◆ **Problem statement**:
When you reach the line that contains "Une collation spéciale: les", please begin copying, and carry on exactly to the last line of the material, leaving out every picture.

◆ **Stored data**:
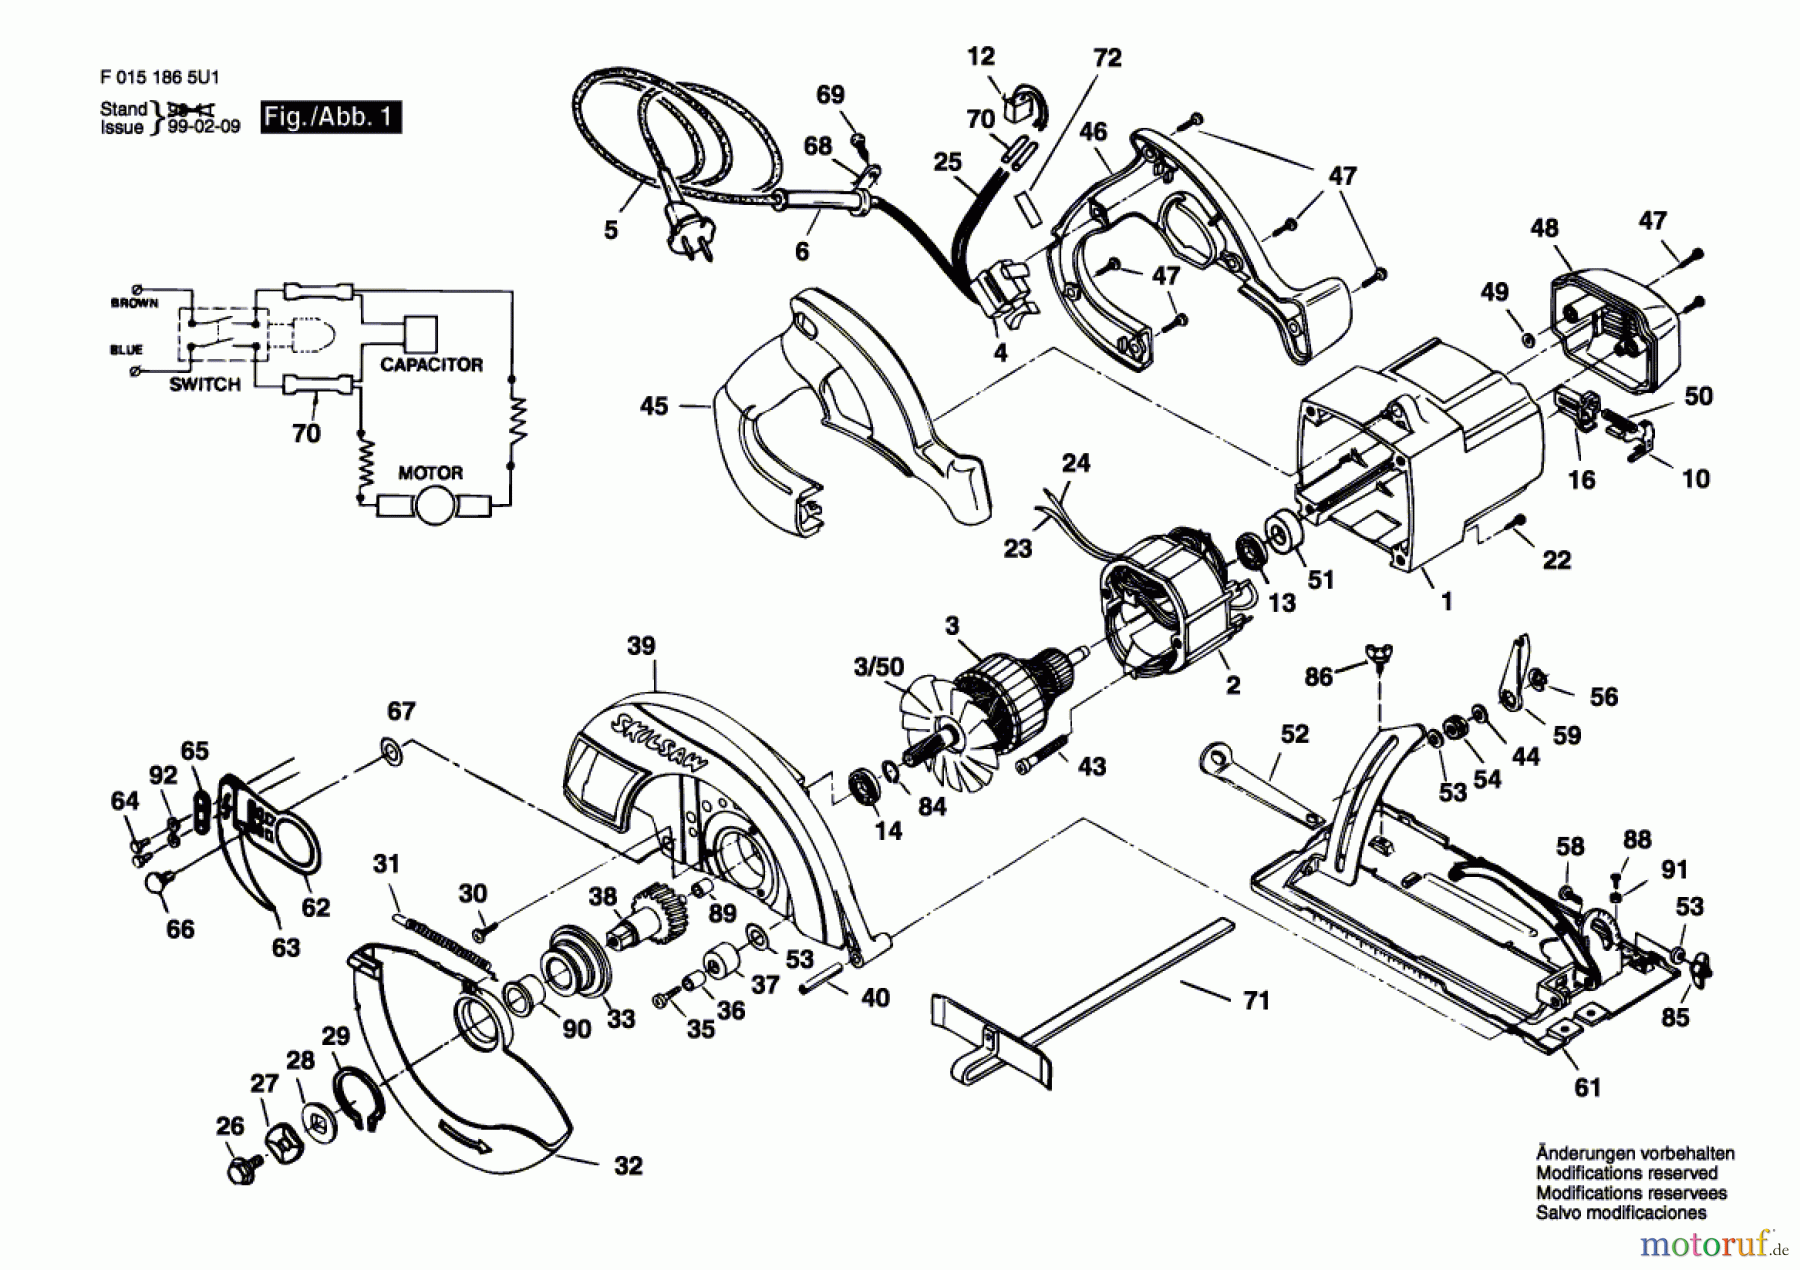  Bosch Werkzeug Handkreissäge 1865U1 Seite 1
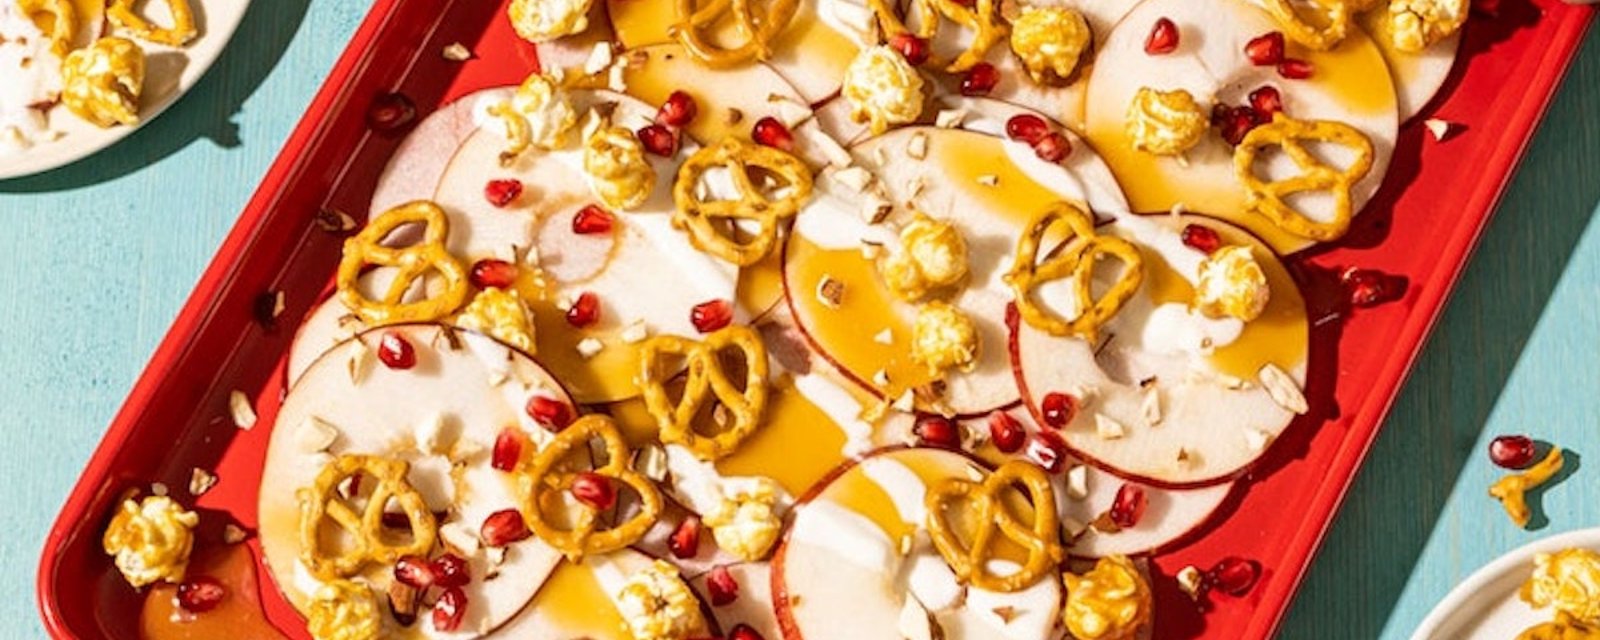 Une collation spéciale: les nachos de pommes, popocorn-caramel
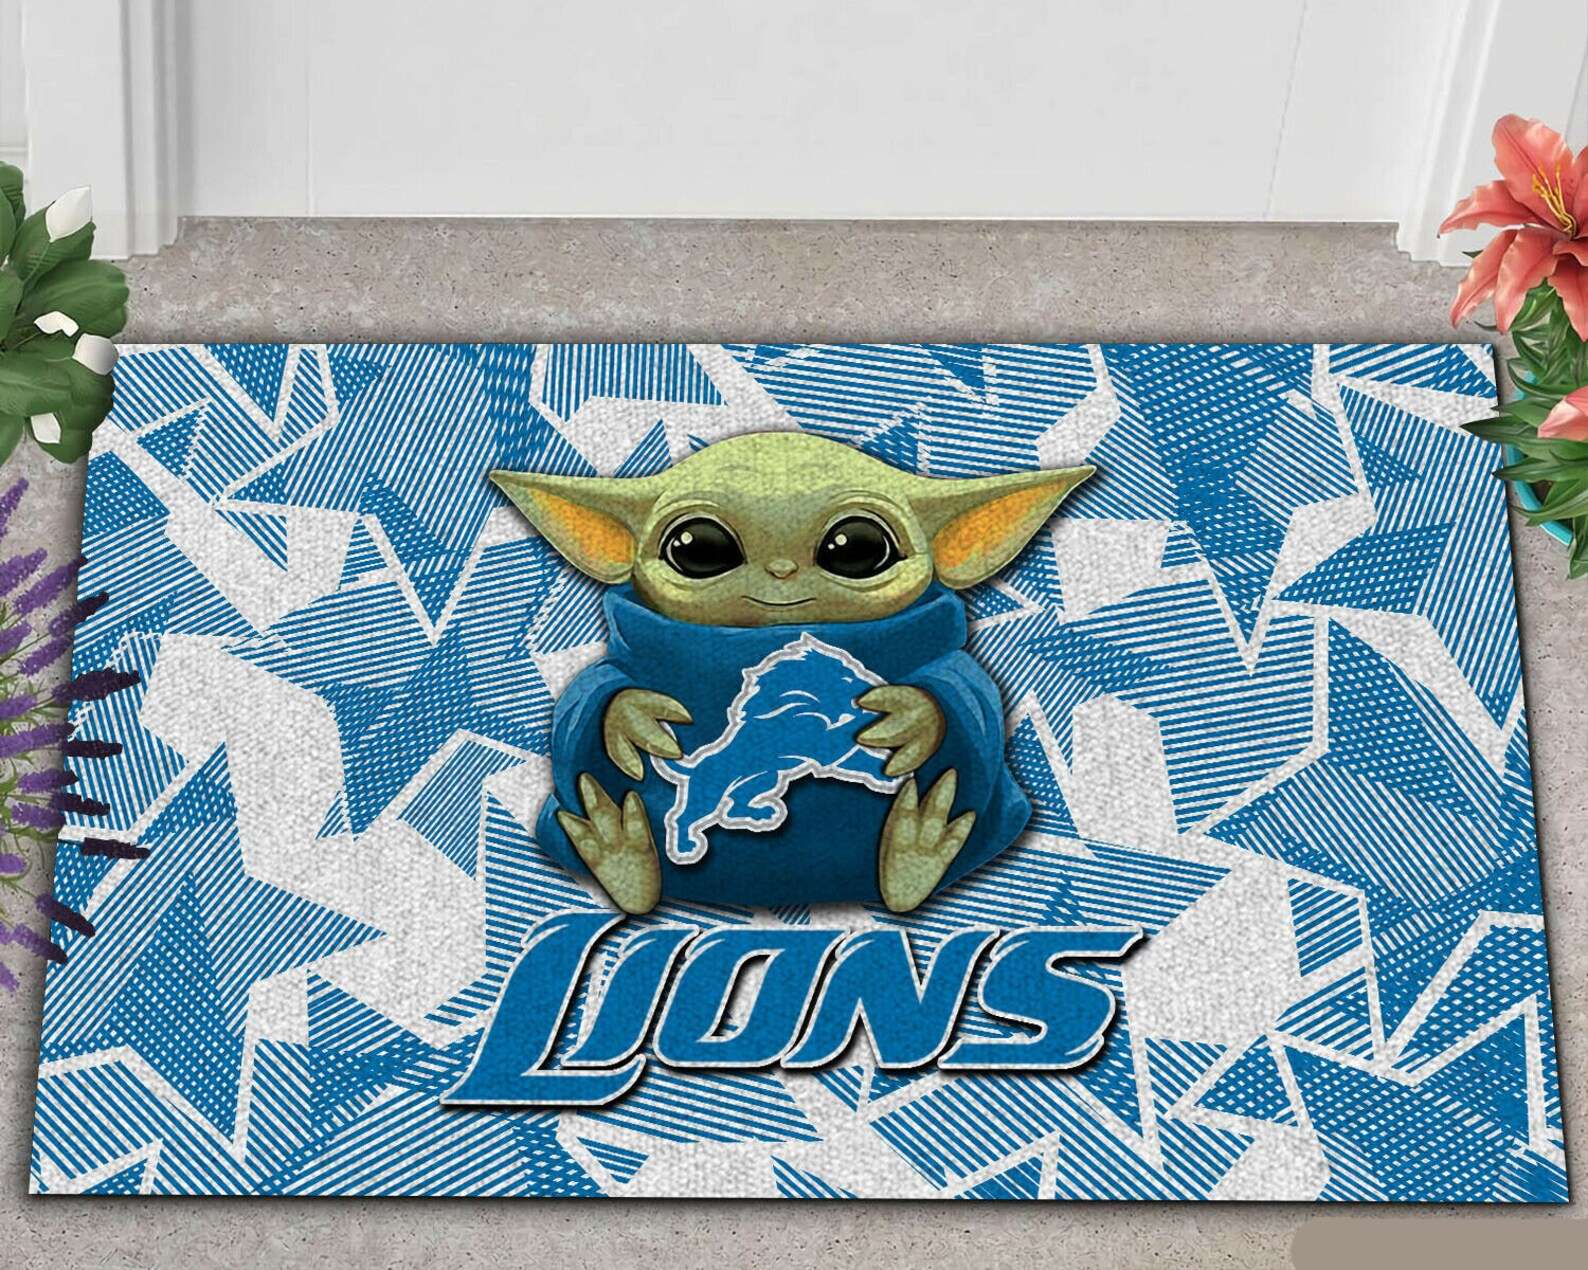 Star Wars Detroit Lions Nfl Doormat

◆ **The completed task**:
 Une collation spéciale: les nachos de pommes, popocorn-caramel
 Star Wars Detroit Lions Nfl Doormat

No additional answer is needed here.